Python isn’t always slower than C

I use Python for its libraries. Django and friends make building powerful websites very simple, but I’ve never considered Python operationally fast. It’s not a requirement for me; as long as I can generate and return a page in 300ms from request, and it’s often done much quicker than that.

It’s Fast Enough™. That’s common of most modern server-side languages.

But yesterday a Unix.SE text-processing question popped up. The problem was fairly simple. Read a file with variable length, numbered lines of DNA sequences:

1    ATTGACTAGCATGCTAGCTAGCTGACGATGCGA
2    GCTGACTGACTAGCTAGCATCGACTG
3    TAGCTGCTAGCTGCTGACTGACTAGCTAGC

And write the DNA part from each line to the a file using the first number and adding .seq extension.

All the usual suspects (awk, sed and bash loop) were already there making trouble so I decided to add some non-conventional implementations and a benchmark. The hypothesis being that when you’re chunking through thousands or millions of lines and making just as many write operations, it helps to stick to one environment and fork out less. Amongst my implementations was one for C and one for Python.

The Python version is compact and self explanatory. Open the file, iterate the lines, split the line on whitespace and write accordingly.

with open("infile", "r") as f:
    for line in f:
        id, dna = line.split()
        with open(id + ".seq", "w") as fw:
            fw.write(dna)

…While in C you have to be a lot more exhaustive.strtok is uncharacteristically useful but you need to explain to the system which memory you’re reading into and then munge it around just to concatenate the extension onto the filename.

# include <stdio.h>
# include <string.h>

FILE *fp;
FILE *fpout;

char line[100];
char *id;
char *dna;
char *fnout;

main() {
    fp = fopen("infile", "r");
    while (fgets(line, 100, fp) != NULL) {
        id = strtok(line, "\t");
        dna = strtok(NULL, "\t");

        char *fnout = malloc(strlen(id)+5);
        fnout = strcat(fnout, id);
        fnout = strcat(fnout, ".seq");
    
        fpout = fopen(fnout, "w");
        fprintf(fpout, "%s", dna);
        fclose(fpout);
    }
    fclose(fp);
}

So is Python or C faster?

C obviously. Over a 100,000 line input file, C was 1.3x faster than Python…

But that’s CPython; what I get if I run python on Ubuntu. That isn’t the only available Python runtime. Amongst the contenders Pypy is probably the fastest. It’s a highly optimised reimplementation of almost everything in the Python specs. For most people this means it’s a drop-in alternative. It’s also pretty simple to get the latest copy on Ubuntu:

sudo add-apt-repository ppa:pypy/ppa
sudo apt-get update
sudo apt-get install pypy

pypy my-python-file.py

Back to the benchmark…

Pypy is 1.03x faster than my C

Clearly not that much faster but the code is also a lot more simple. We have Python running at the same speed as C. That in itself is fairly amazing.

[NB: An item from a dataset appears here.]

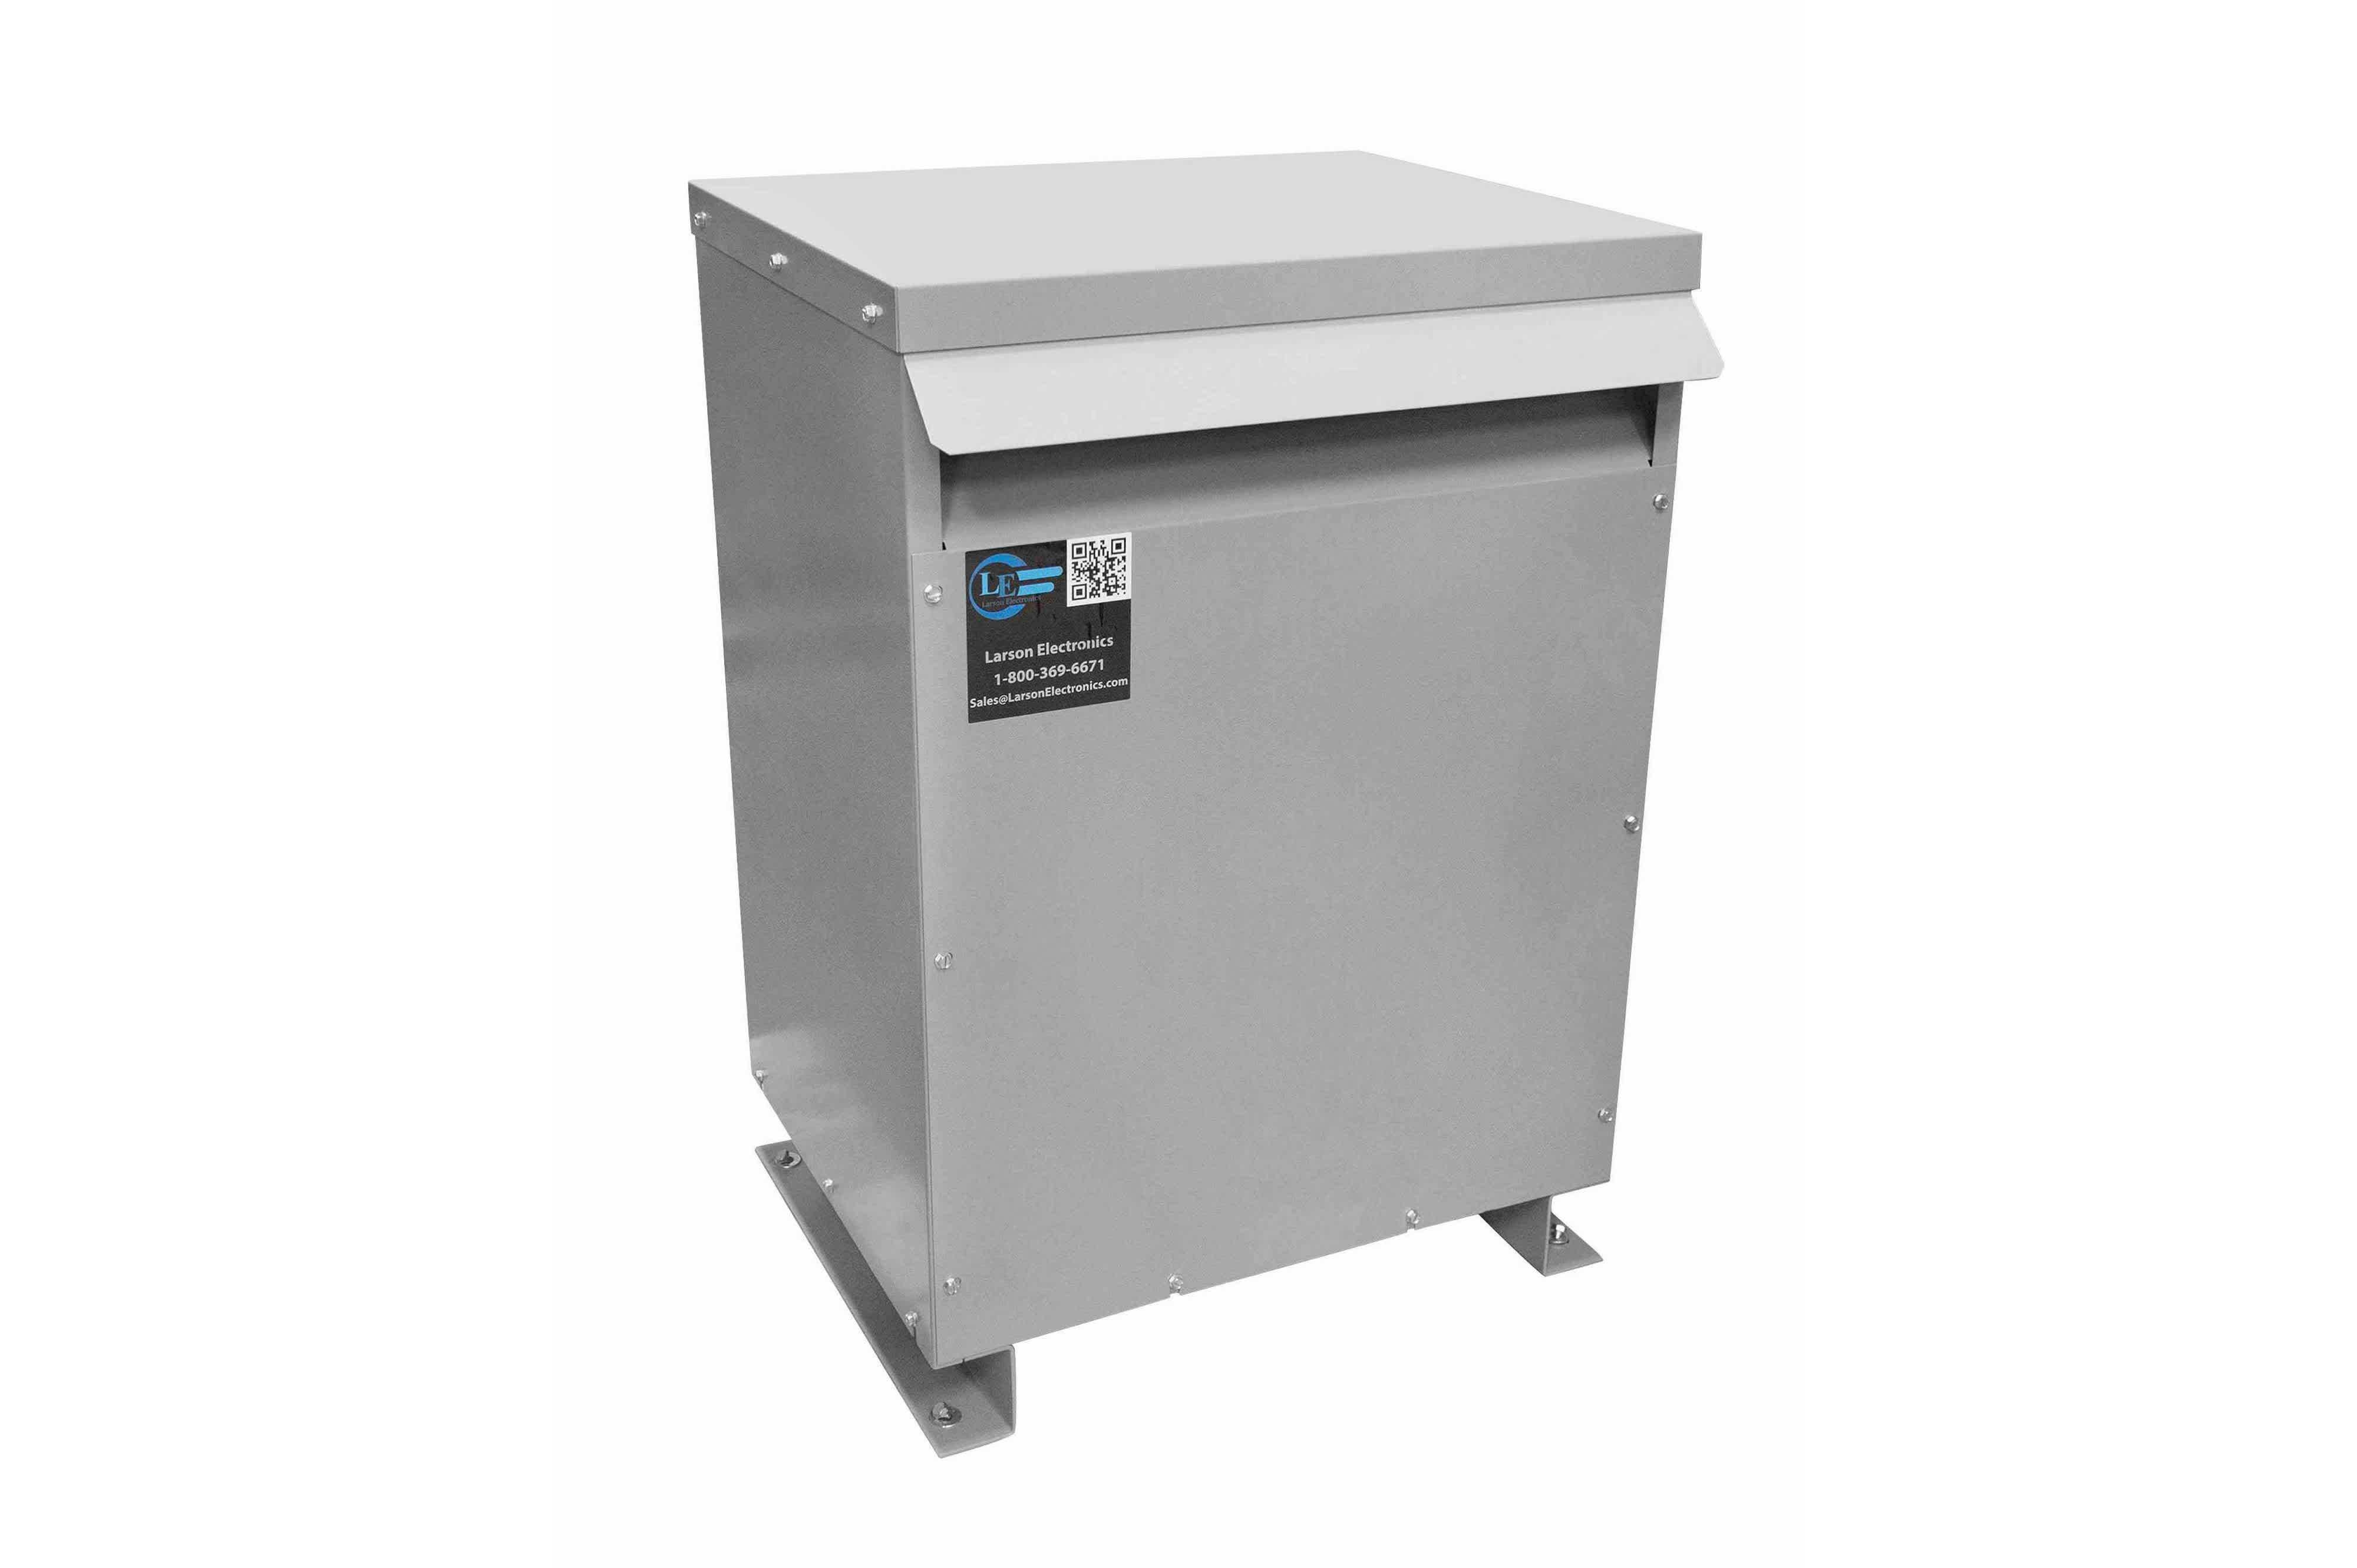 125 kVA 3PH Isolation Transformer, 600V Wye Primary, 240V/120 Delta Secondary, N3R, Ventilated, 60 Hz

I did go on to write a nice C++ option that was slightly faster again and wasn’t too bad on the eye but it’s still a lot more involved than the Python is. I know I’m obviously biased toward Python but it’s something well worth going to as a first choice, especially for simple, scrappy text-processing jobs like this.

If you already have Python code that you’re considering switching to C (modules or full-on), give Pypy a shot first. Worst thing that’ll happen is it won’t work or it’s still not fast enough.

But C gets the last laugh if you have time and expertise

My C implementation uses the default 4K buffering in both directions while Python and C++ are using 8K buffers. If you increase the read buffer to 8KB and remove the write buffer, C takes a convincing lead. Sincere thanks to Julian for optimising the C version.

So C is faster still, but only if you have the knowhow —or effort to work it out during profiling— and then how to fix it… And all the time associated with that. Python (and C++ to a large extend) are furiously easy languages to convey what you mean without wasting mental cycles on hyperoptimising silly things like IO.